Première comparution de l'Ivoirien Charles Blé Goudé devant la CPI

Le siège de la Cour pénale internationale (CPI) à La Haye. Photo CPI/Max Koot

27 mars 2014 – L'Ivoirien Charles Blé Goudé, qui est accusé de crimes contre l'humanité perpétrés en Côte d'Ivoire en 2010 et 2011, a comparu jeudi pour la première fois devant la Cour pénale internationale (CPI), à La Haye, aux Pays-Bas.

L'audience de première comparution devant la juge Silvia Fernandez de Gurmendi a eu lieu en présence de l'Accusation et de la Défense. Au cours de l'audience, la juge a vérifié l'identité du suspect et s'est assuré qu'il a été informé des crimes qui lui sont reprochés et des droits que lui reconnaît le Statut de Rome. La juge a fixé le début de l'audience de confirmation des charges au 18 août 2014, a indiqué la CPI dans un communiqué de presse.

Une audience de confirmation des charges sert à déterminer s'il y a des motifs substantiels de croire que le suspect a commis ces crimes. Si la Chambre préliminaire décide de confirmer les charges, elle renverra l'affaire devant une Chambre de première instance, laquelle sera chargée de conduire la phase suivante de la procédure, à savoir le procès lui-même.

Charles Blé Goudé été remis le 22 mars à la CPI par les autorités de la Côte d'Ivoire en exécution d'un mandat d'arrêt délivré par les juges de la CPI le 21 décembre 2011 et rendu public le 30 septembre 2013.

Charles Blé Goudé, 42 ans, aurait engagé sa responsabilité pénale individuelle, en tant que coauteur indirect, pour quatre chefs de crimes contre l'humanité (meurtres, viols et autres violences sexuelles, actes de persécution et autres actes inhumains) qui auraient été perpétrés dans le contexte des violences post-électorales survenues sur le territoire de la Côte d'Ivoire entre le 16 décembre 2010 et le 12 avril 2011.

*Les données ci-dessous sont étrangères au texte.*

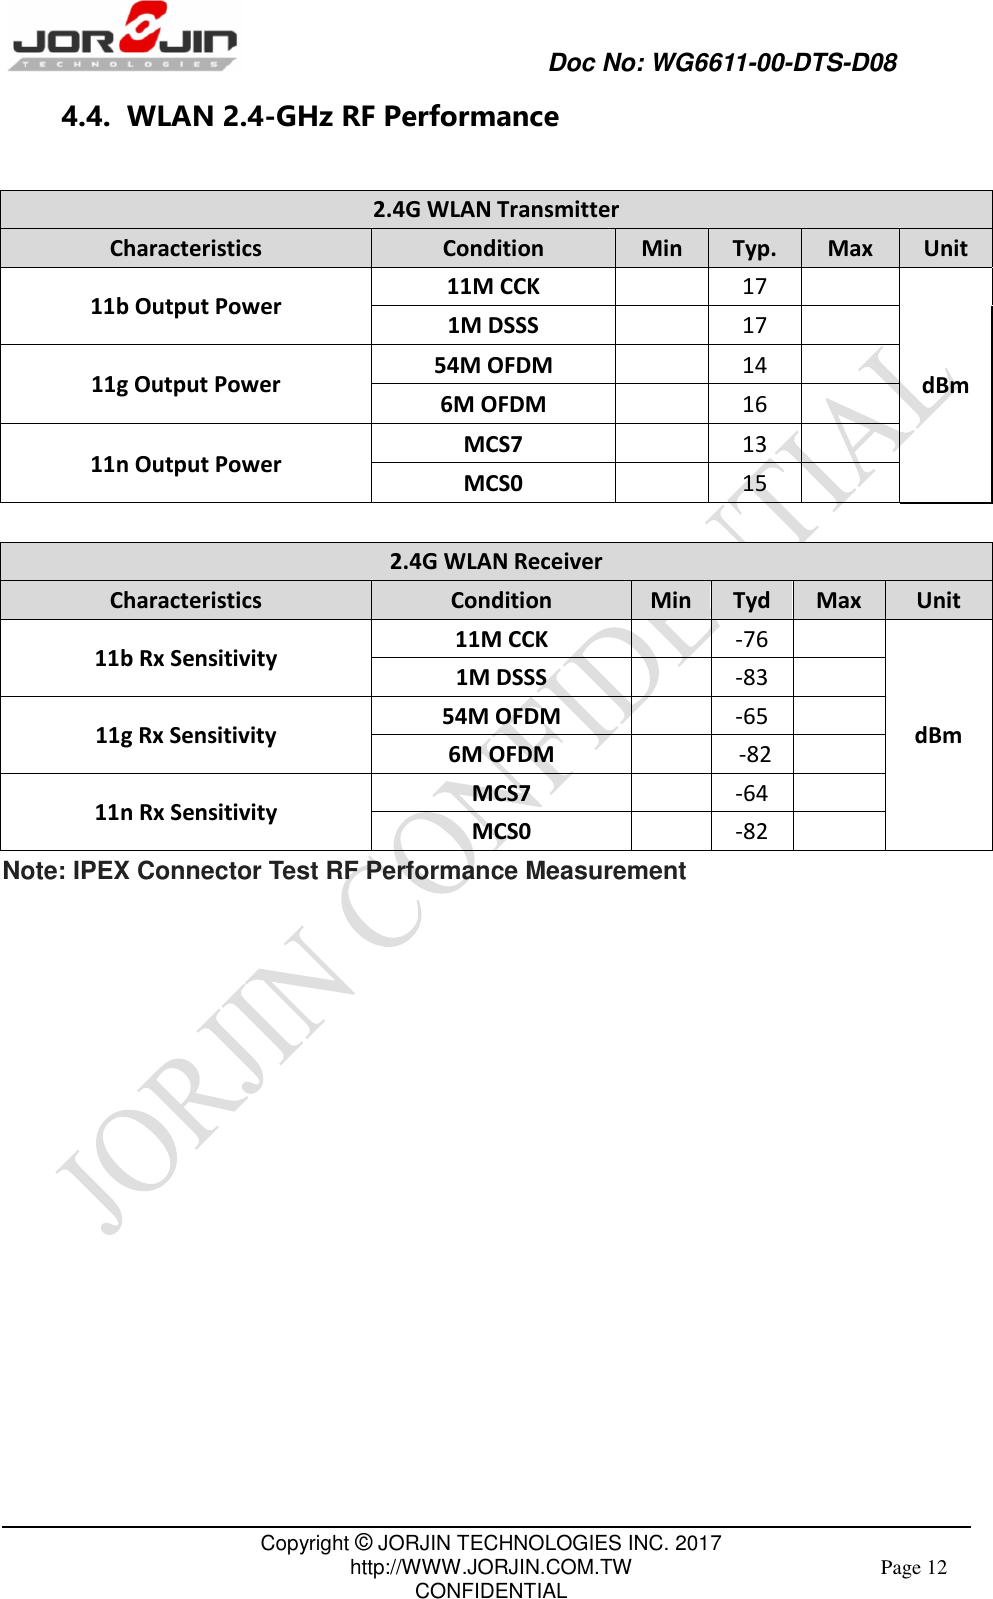             Doc No: WG6611-00-DTS-D08                                                                                               Copyright © JORJIN TECHNOLOGIES INC. 2017 http://WWW.JORJIN.COM.TW CONFIDENTIAL Page 12 4.4.  WLAN 2.4-GHz RF Performance  2.4G WLAN Transmitter Characteristics Condition Min Typ. Max Unit 11b Output Power 11M CCK  17  dBm 1M DSSS  17  11g Output Power 54M OFDM  14  6M OFDM  16  11n Output Power MCS7    13  MCS0  15   2.4G WLAN Receiver Characteristics Condition Min Tyd Max Unit 11b Rx Sensitivity 11M CCK  -76  dBm 1M DSSS  -83  11g Rx Sensitivity 54M OFDM  -65  6M OFDM    -82  11n Rx Sensitivity MCS7    -64  MCS0  -82  Note: IPEX Connector Test RF Performance Measurement

De son côté, l'Expert indépendant des Nations Unies sur la situation des droits de l'homme en Côte d'Ivoire, Doudou Diène, s'est dit jeudi préoccupé par les questions non réglées dans le cadre du processus de réconciliation nationale alors que les élections présidentielles sont prévues en 2015.

Selon M. Diène, une justice impartiale est cruciale pour le pays qui continue de se remettre des violences intervenues lors du scrutin de 2010.

« Le processus de réconciliation est lié à la question clé de la justice et plus précisément à la question de l'impartialité et de l'équité de la justice », a dit l'expert lors de la présentation de son dernier rapport devant le Conseil des droits de l'homme des Nations Unies. M. Diène a aussi appelé à une réforme de l'organe électoral national avant les élections de 2015.